13 January 2003
The Daily Telegraph
Philip Johnston
Philip Johnston talks to the Ulster policeman who says he was forced to retire after leading the inquiry into last year's Castlereagh break-in.
Bill Lowry is an angry man. After 30 years as a police officer in Northern Ireland, he was forced to quit as head of Belfast's Special Branch shortly before Christmas in the murkiest of circumstances.
Although he walked away with a full pension and an exemplary discharge, Mr Lowry, 55, was given no option but to leave, just 10 weeks away from retirement. He believes, as do some of his colleagues, that pressure for him to be ousted was applied from London - possibly by MI5, which wants greater control over Special Branch's role in Northern Ireland.
The reason was to give Sinn Fein the scalp of a senior Special Branch officer as part of continuing efforts to revive the political process that collapsed amid allegations of a republican spy ring inside the Northern Ireland Office.
While Mr Lowry was doing what he saw as his job in trying to unmask agents at the heart of government, other powerful forces were unhappy that his investigations had helped to bring down the province's precariously-balanced institutions.
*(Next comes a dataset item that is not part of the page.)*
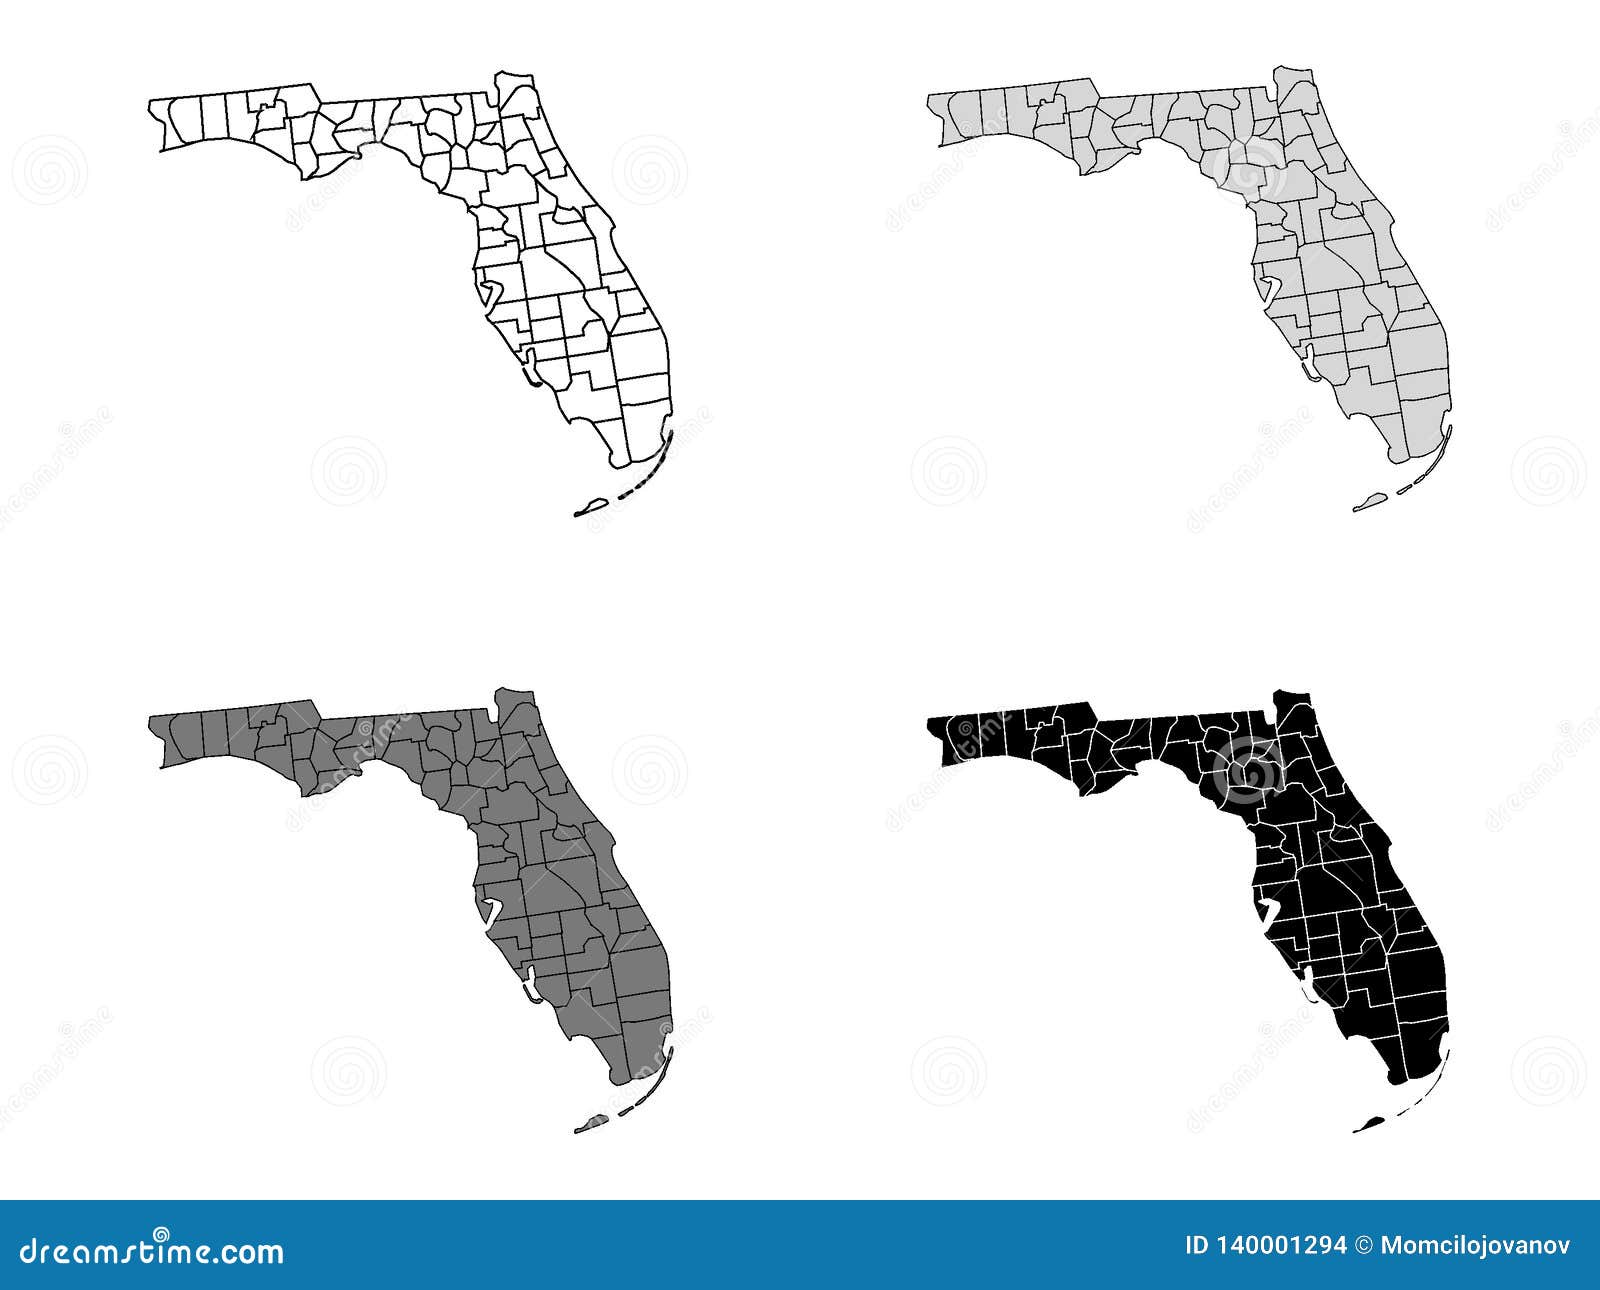 set of counties maps of us state of florida
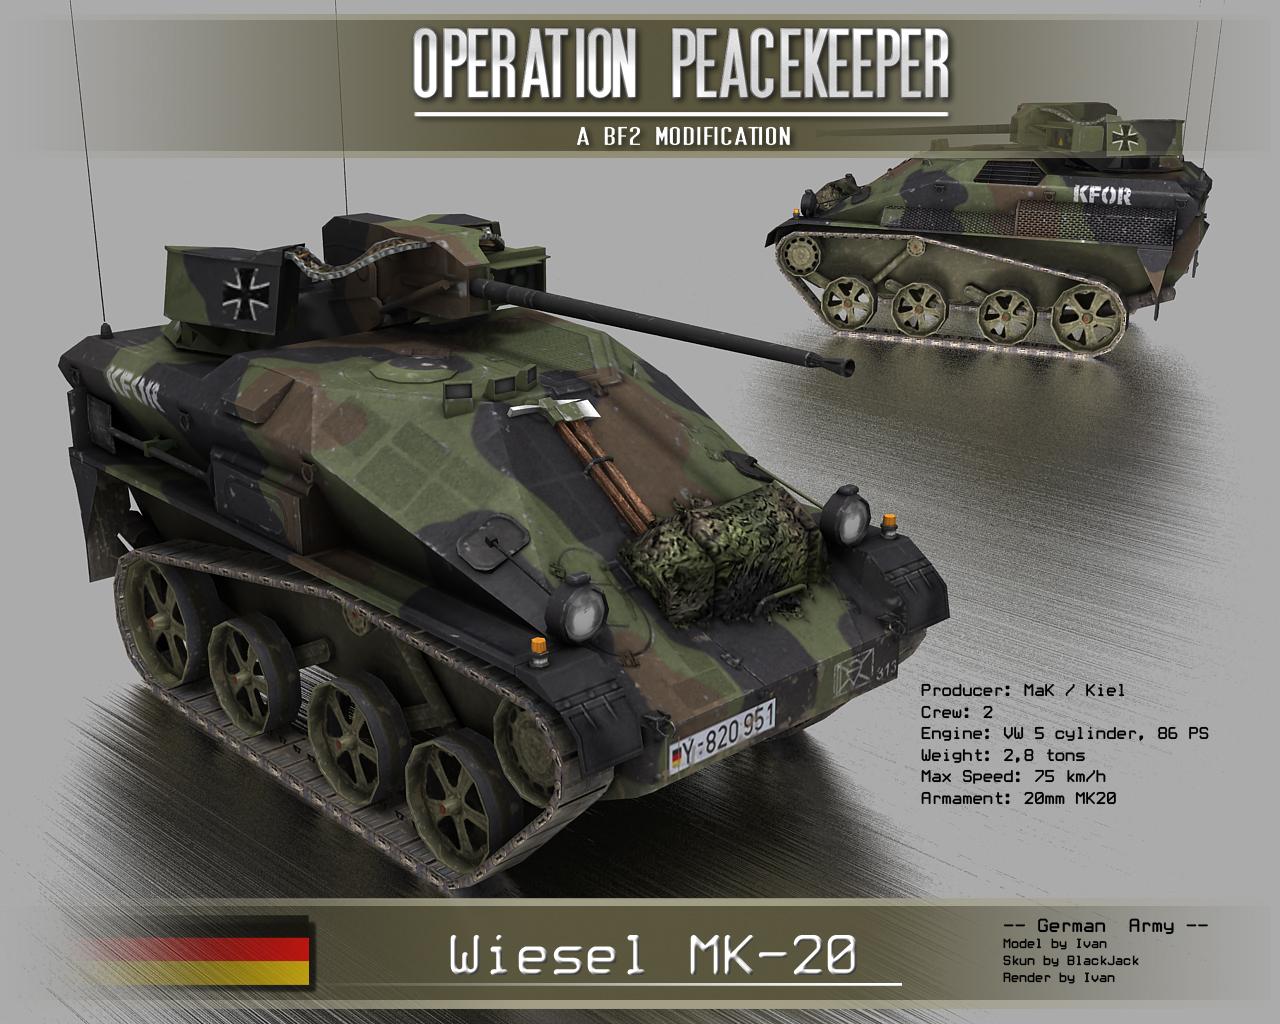 Wiesel MK-20 tiny tank image - Operation Peacekeeper 2 mod for

Sinn Fein has long despised the police Special Branch and has consistently called for its abolition or total reform. It has refused to sit on the Police Board of Northern Ireland partly because of a failure to disband the organisation.
So when Mr Lowry was blamed for leaking confidential information to the media and threatened with disciplinary action, a double purpose was served. He would become the sacrificial offering to Sinn Fein to atone for the police raid on its Stormont office; and his removal would be a sign to the republicans that the days of the Old Guard were numbered.
Mr Lowry should have retired last February. But, with Sir Ronnie Flanagan about to step down as chief constable of what used to be the Royal Ulster Constabulary, he agreed to stay on another 12 months as the head of Special Branch in the city of his birth to help to oversee the transition to the new regime under Hugh Orde.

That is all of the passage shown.